» Instructions for the task:
Pictures stay out of the copy; set down each line of the listing below exactly.

» Given information:
________________________
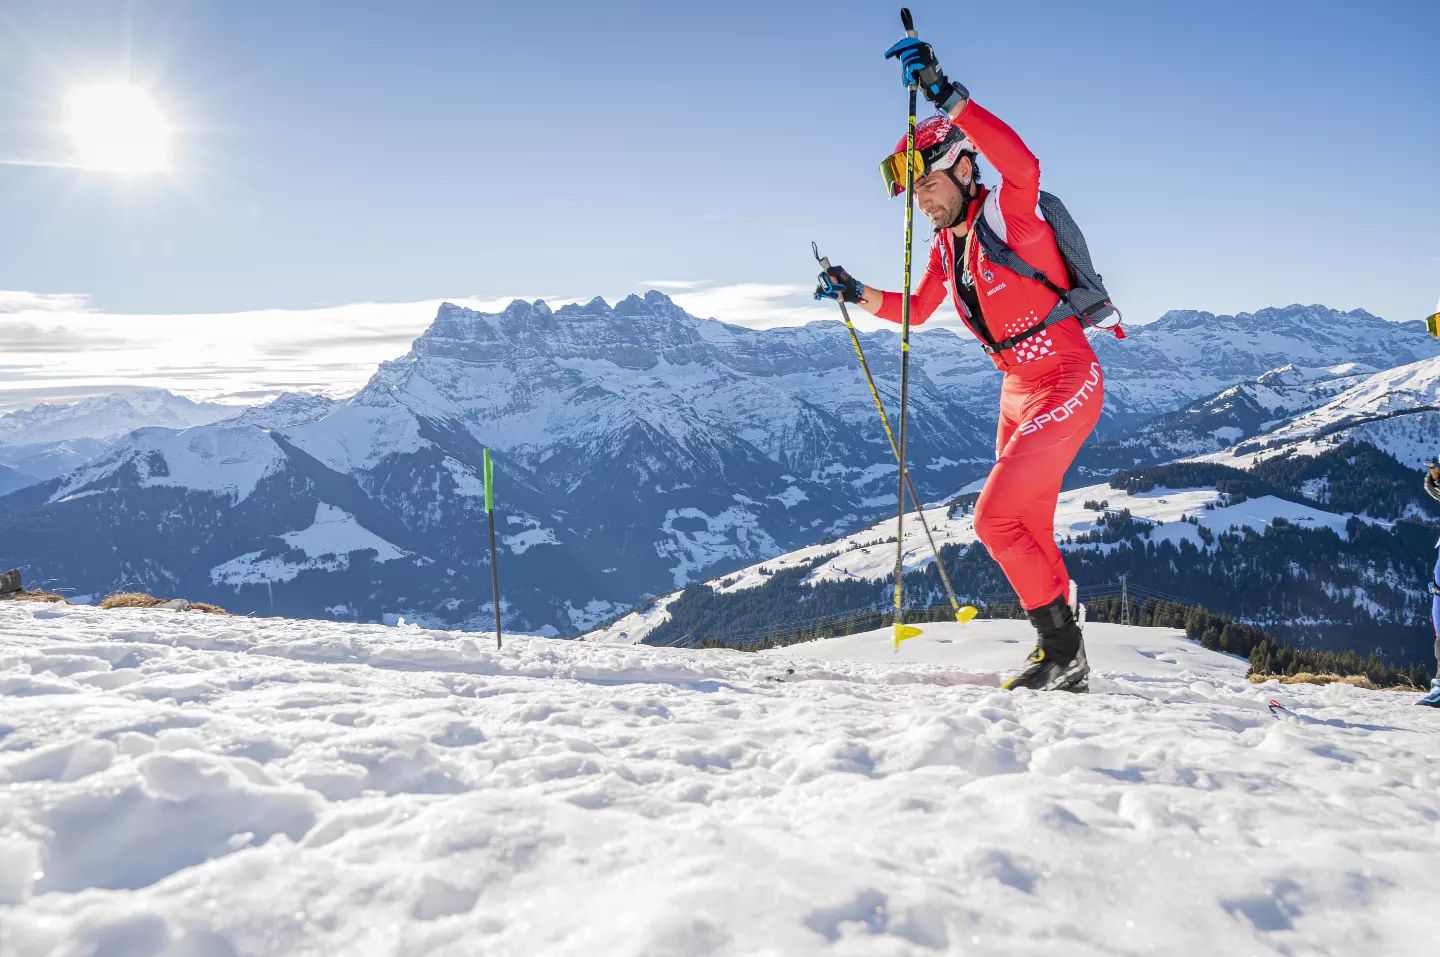 Ski alpinisme: Morgins espère accueillir les Mondiaux en 2025
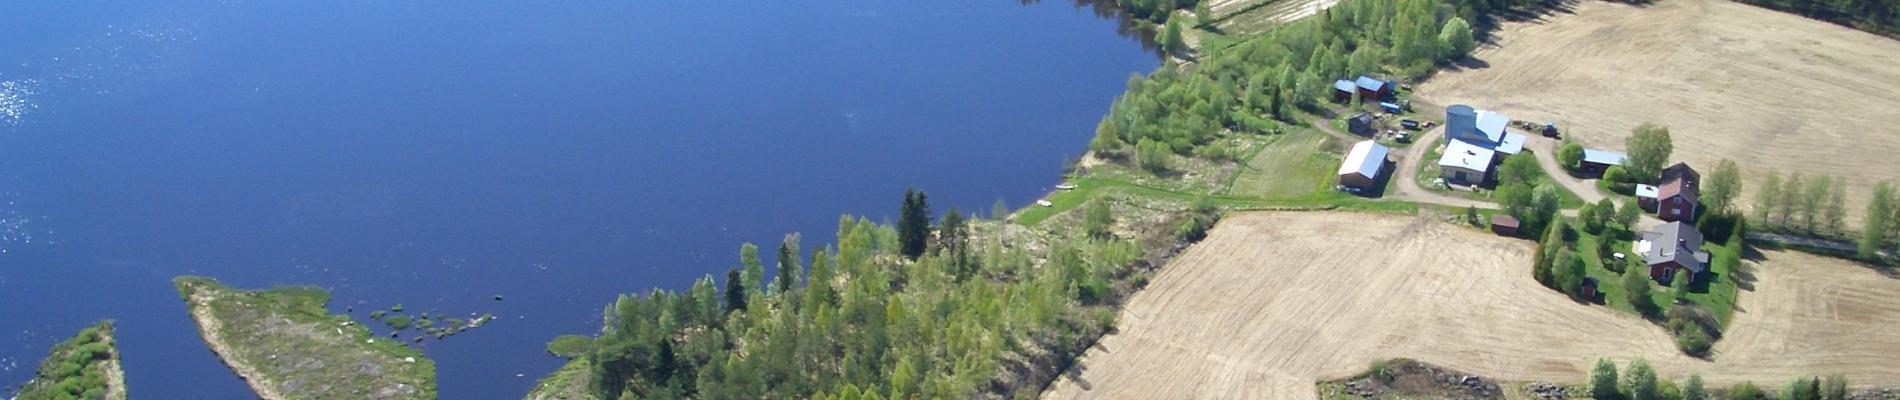 Ilmakuva Piipsjärvi
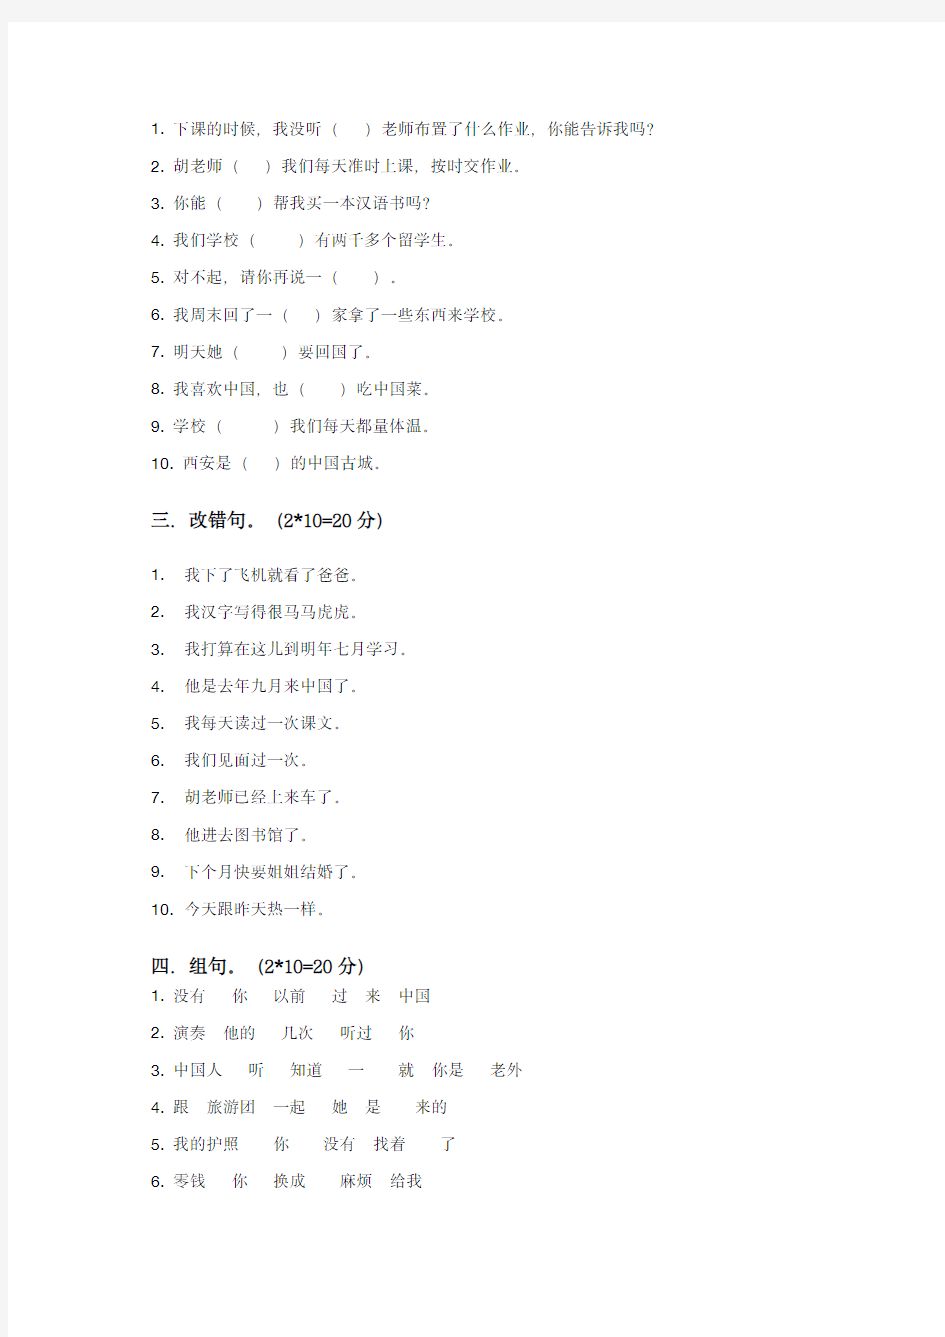 《汉语教程》第二册(上)第7-12课 测试题
________________________
» Written reply:
 Ski alpinisme: Morgins espère accueillir les Mondiaux en 2025
 Ilmakuva Piipsjärvi
 《汉语教程》第二册(上)第7-12课 测试题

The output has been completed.